Cara Pemijahan Budidaya Ikan Corydoras (Corydoras Aenes)
Corydoras (Corydoras aenes) dengan nama dagang Bronze Catfish berasal dari Venezuela, Trinidad (Amerika Selatan). Ikan ini bersifat karnivora dan terkenal sebagai ikan "tukang bersih-bersih". Corydoras paling senang berada di tempat yang kurang bersih dan memiliki kebiasaan membersihkan dinding-dinding. Namun, kotoran yang sudah dibersihkan dibiarkan bertumpuk, tidak dimakan.
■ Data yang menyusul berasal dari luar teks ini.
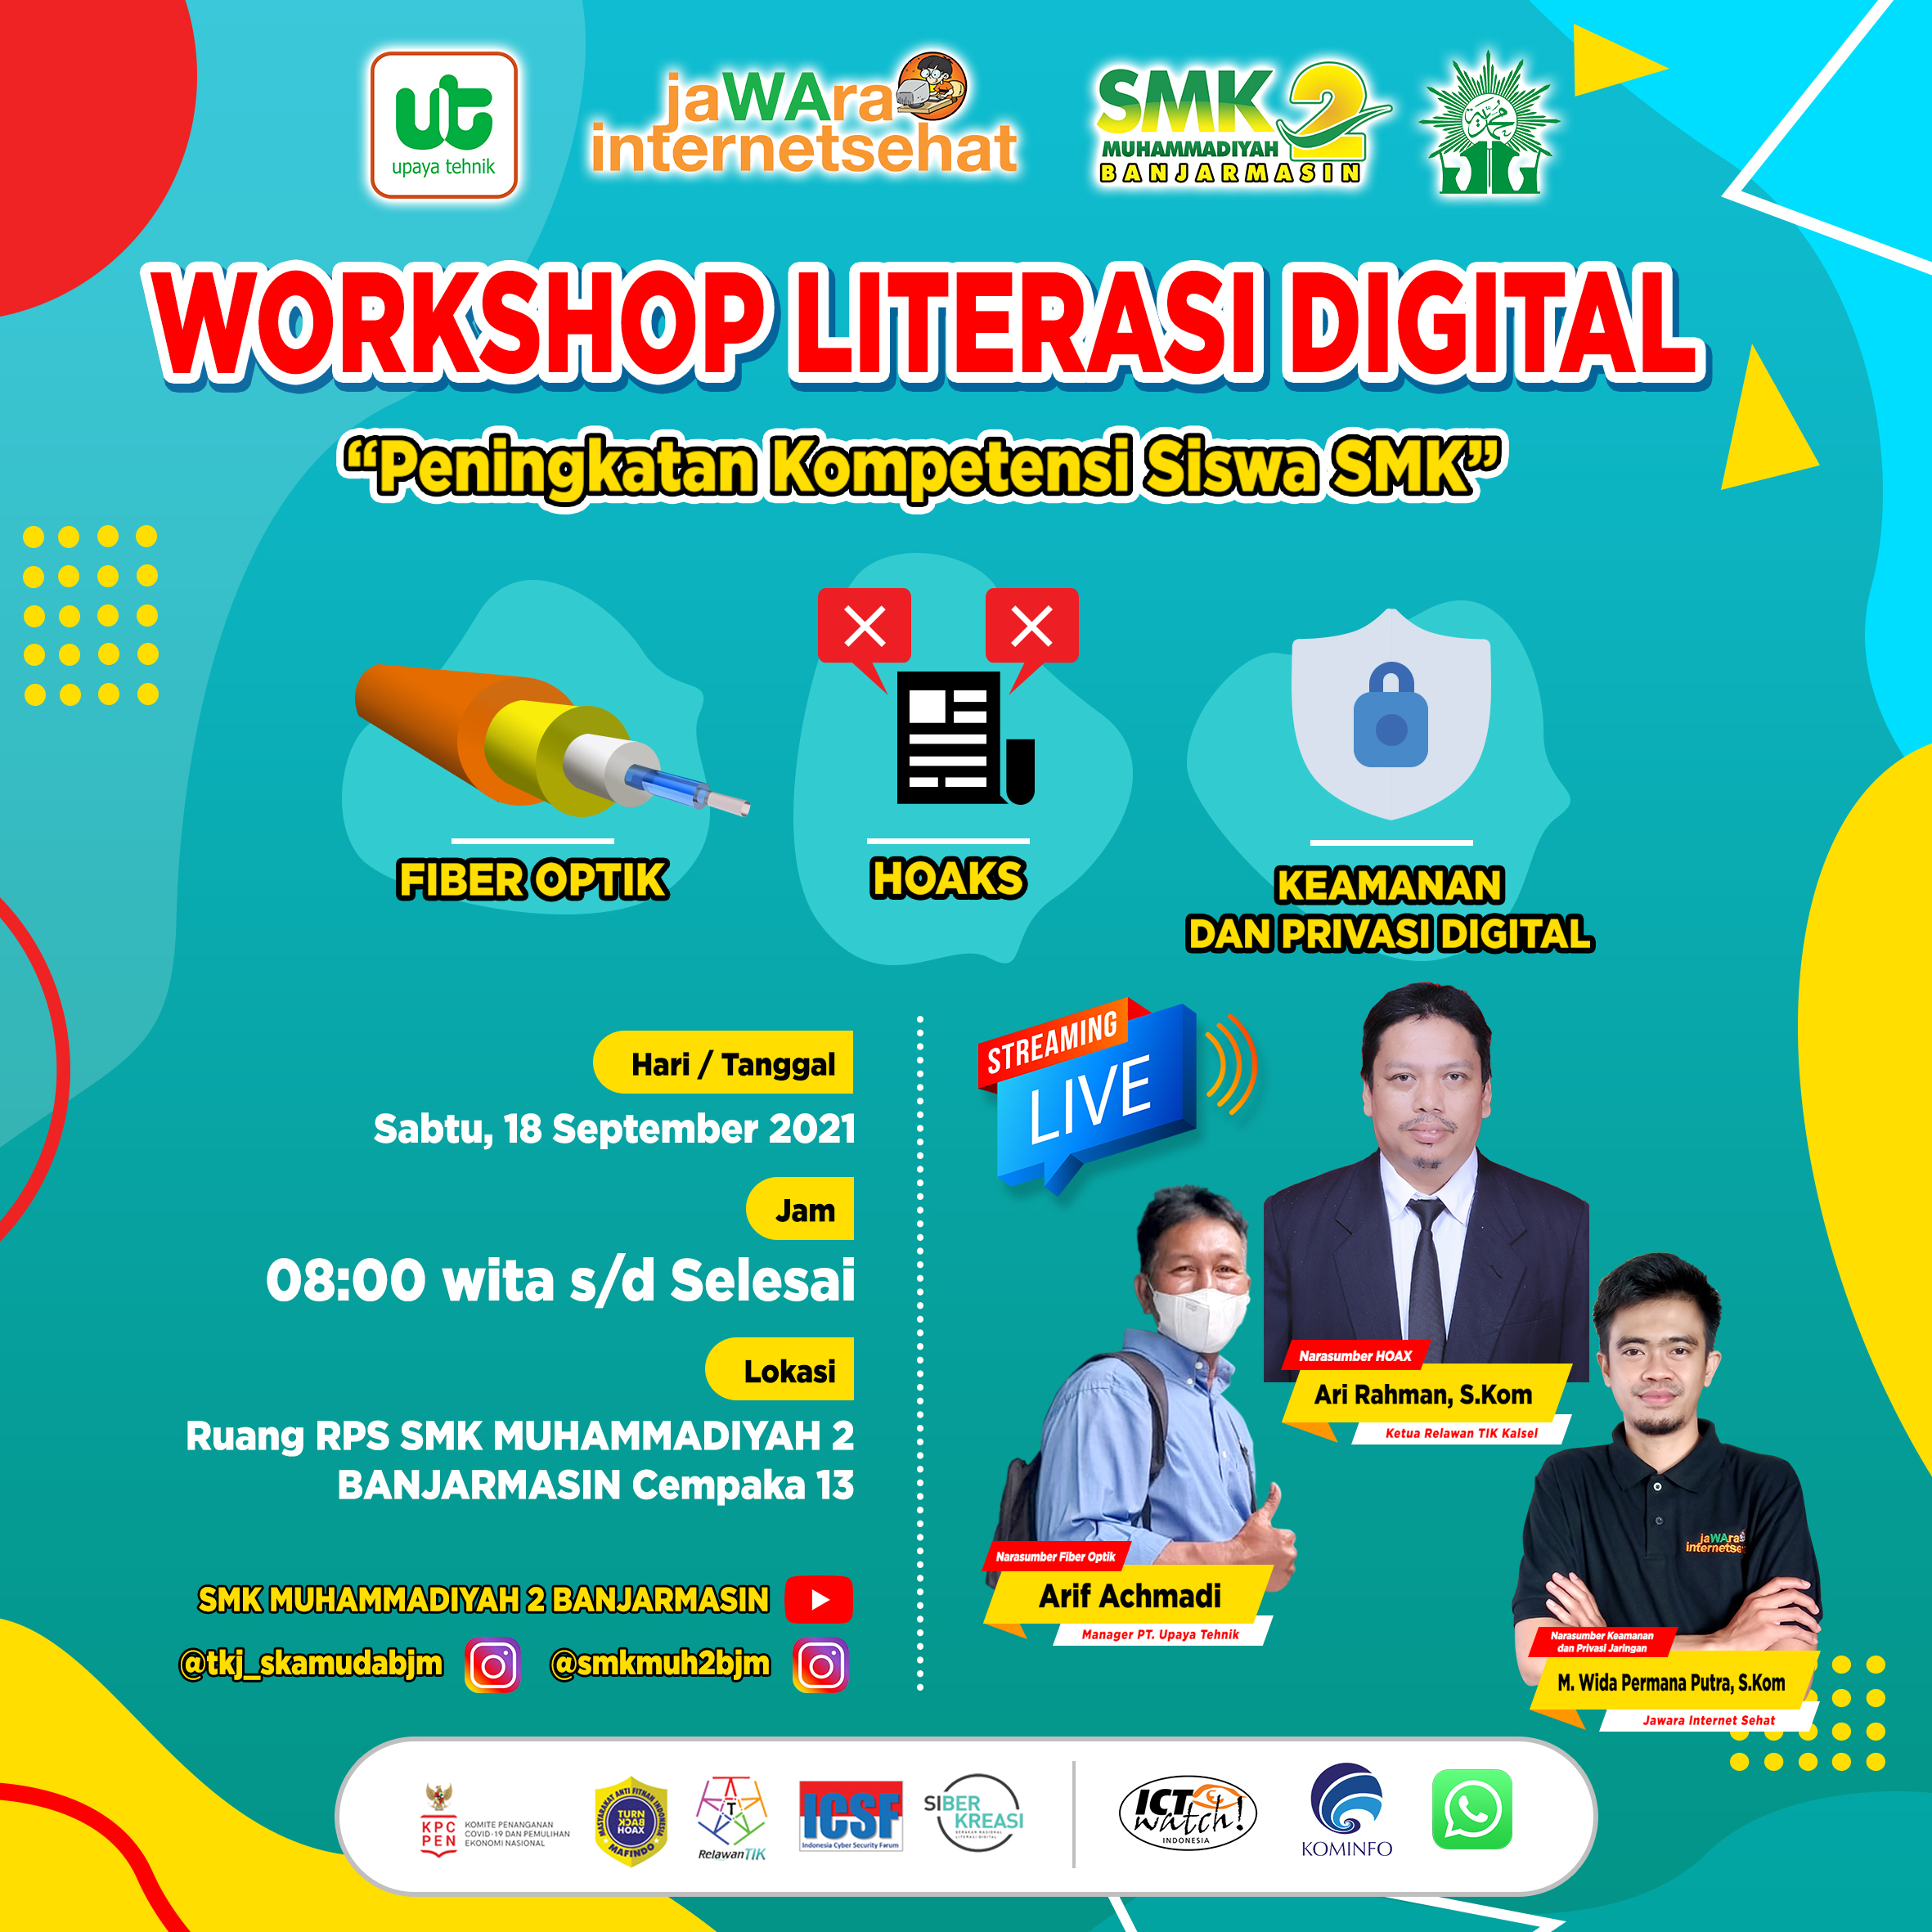 Workshop Literasi Digital “Peningkatan Kompetensi Siswa SMK”

Suhu untuk pemijahan ikan ini antara 26-28 C.

Di pasaran saat ini sudah berkembang banyak spesies yang harganya cukup mahal, di antaranya ialah Corydoras paleatus, Corydoras panda, maupun Corydoras sterbai. Jenis corydoras ini memerlukan suhu pemijahan yang relatif rendah dibanding corydoras aenes, yaitu antara 24-26 C.

Panjang tubuhnya dapat mencapai 7 cm. Tubuh tersebut diselimuti dua baris sisik dengan sisik yang lebih besar disebut Plate. Mulutnya dilengkapi sepasang sungut atau kumis yang berguna sebagai sensor atau radar untuk mencari makan di dalam gelap.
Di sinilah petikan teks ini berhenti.